Substitution and 3-antenna measurements of an 8-element VHF ocean-buoy antenna
D. Farina,J. Bull, R. Flam, November 1993
A description of antenna measurements performed on an ocean-buoy mounted antenna array is given. The array is designed to measure the E and H fields of a received wavefront at four different heights over the ocean. Four collocated electrically-small loop-dipole antenna pairs at 2 meter height spacings were integrated into a non-conducting buoy support structure. The frequency band was 50-250 MHz. Data was taken with both the Substitution (2-antenna) and 3 Antenna Measurement Methods for comparison purposes. The ground plane range that was used is described as well as the various range setups used to accumulate all of the required data.
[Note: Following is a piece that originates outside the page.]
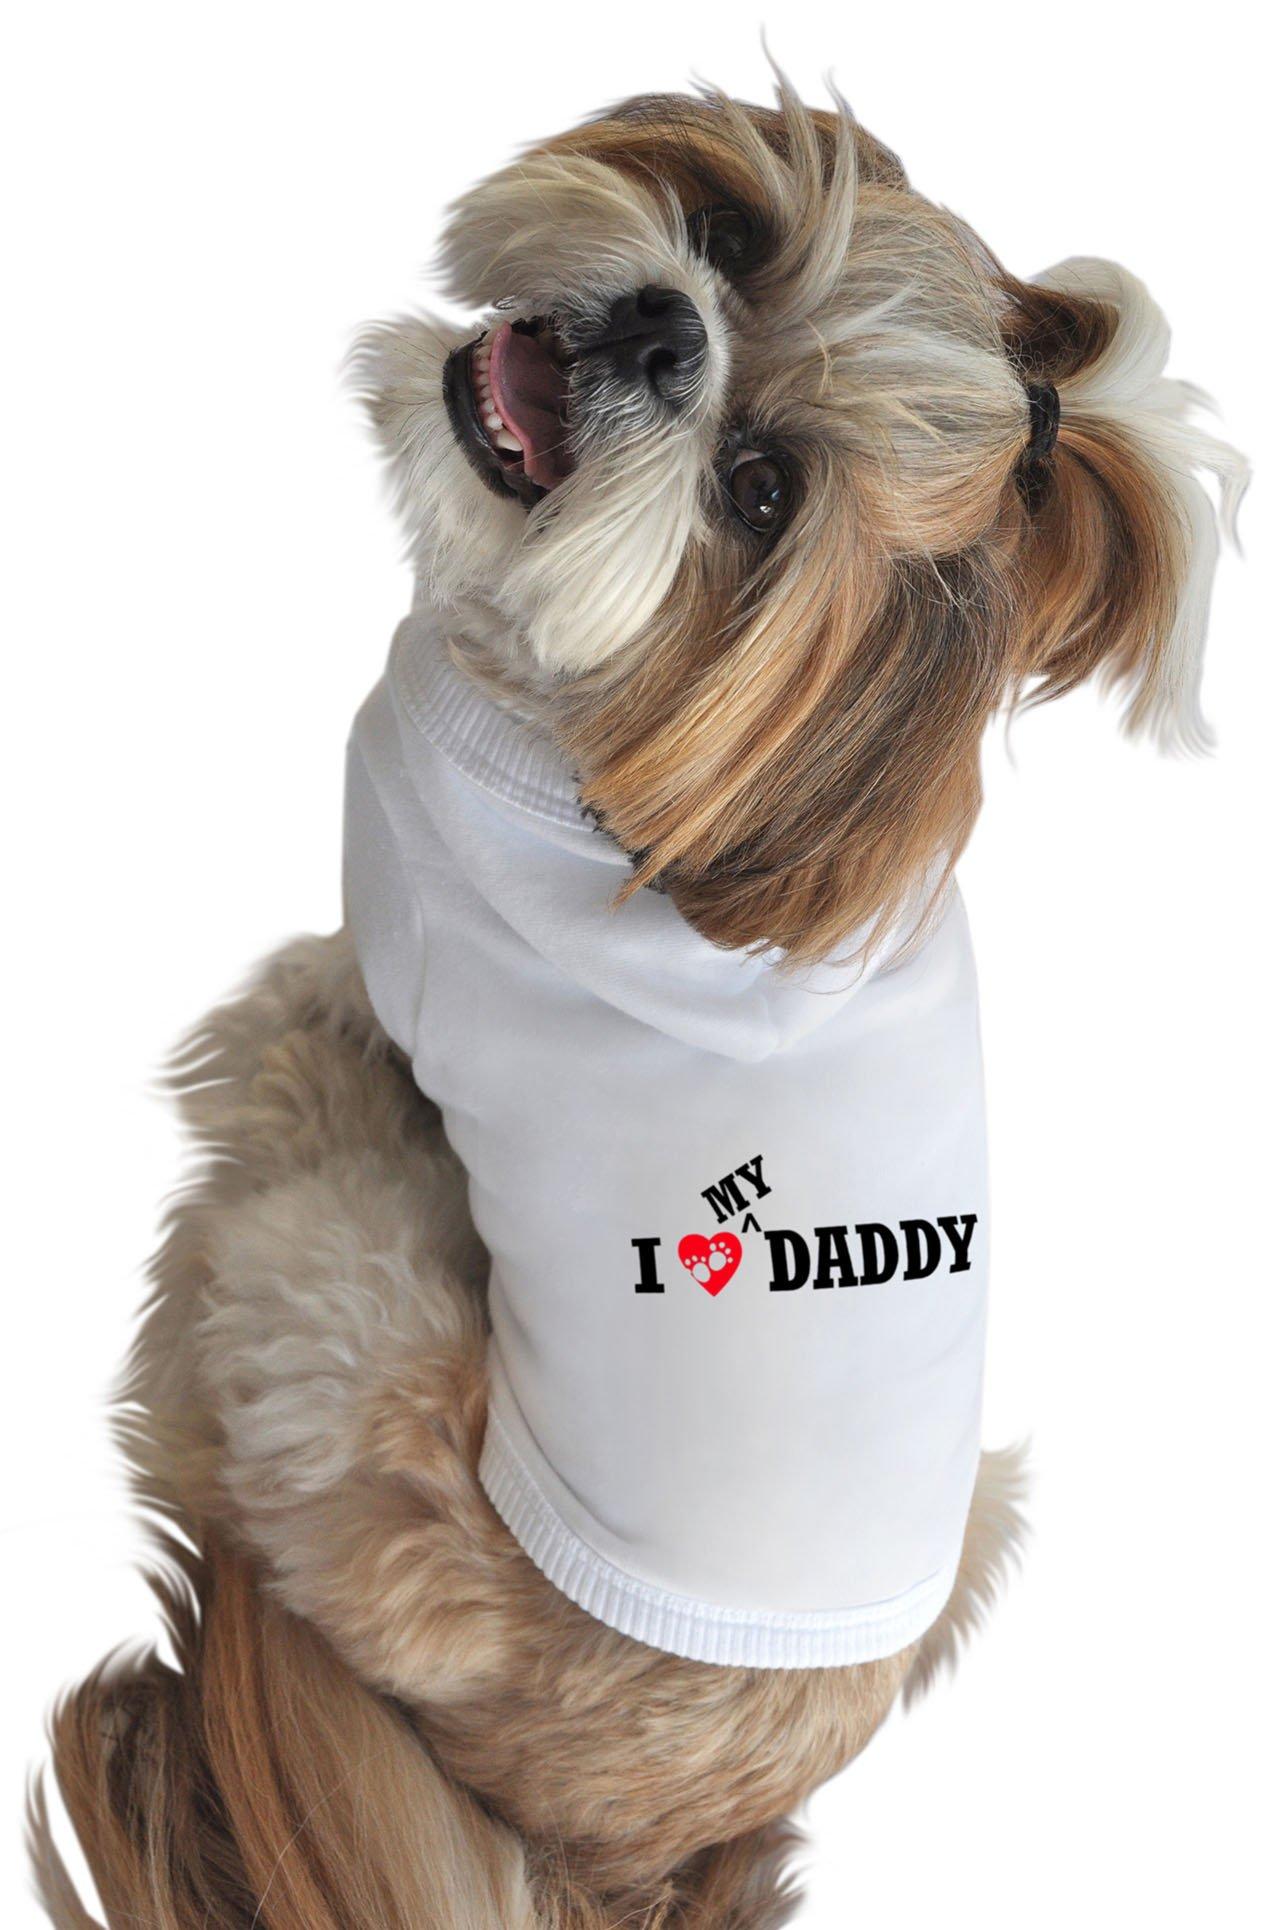 Ruff Ruff and Meow Dog Hoodie, I Love My Daddy, White, Medium by Ruff Ruff and Meow (Image #1)

Scattering by a simplified ship deckhouse model
B. Badipour,M.,J. Coulombe, T. Ferdinand, W. Wasylkiwskyj, November 1993
To gain greater insight into the design of surface ships with reduced radar cross-section characteristics, a structure resembling a ship deckhouse was physically modeled and measured. The structure was represented as a truncated pyramid. Four scaled pyramids were fabricated, all identical except for the radii of the four vertical (slanted) edges. The pyramids were measured at the University of Massachusetts, Lowell Research Foundation, submillimeter laser compact range. Measurements were made a scaled X-band using a laser-based system that operates at 585 GHz with the pyramids scaled at a ratio of 1:58.5. These shaper were measured at 0.75 degrees depression angles on a smooth metal ground plane at both HH and VV polarizations. The goal of this study was to determine if small changes in the radius of the curvature of the slanted edges could significantly affect the radar cross-section of the pyramid. In this paper the results of measurements of the pyramids will be presented. The data are compared with computer code predictions and the differences are discussed.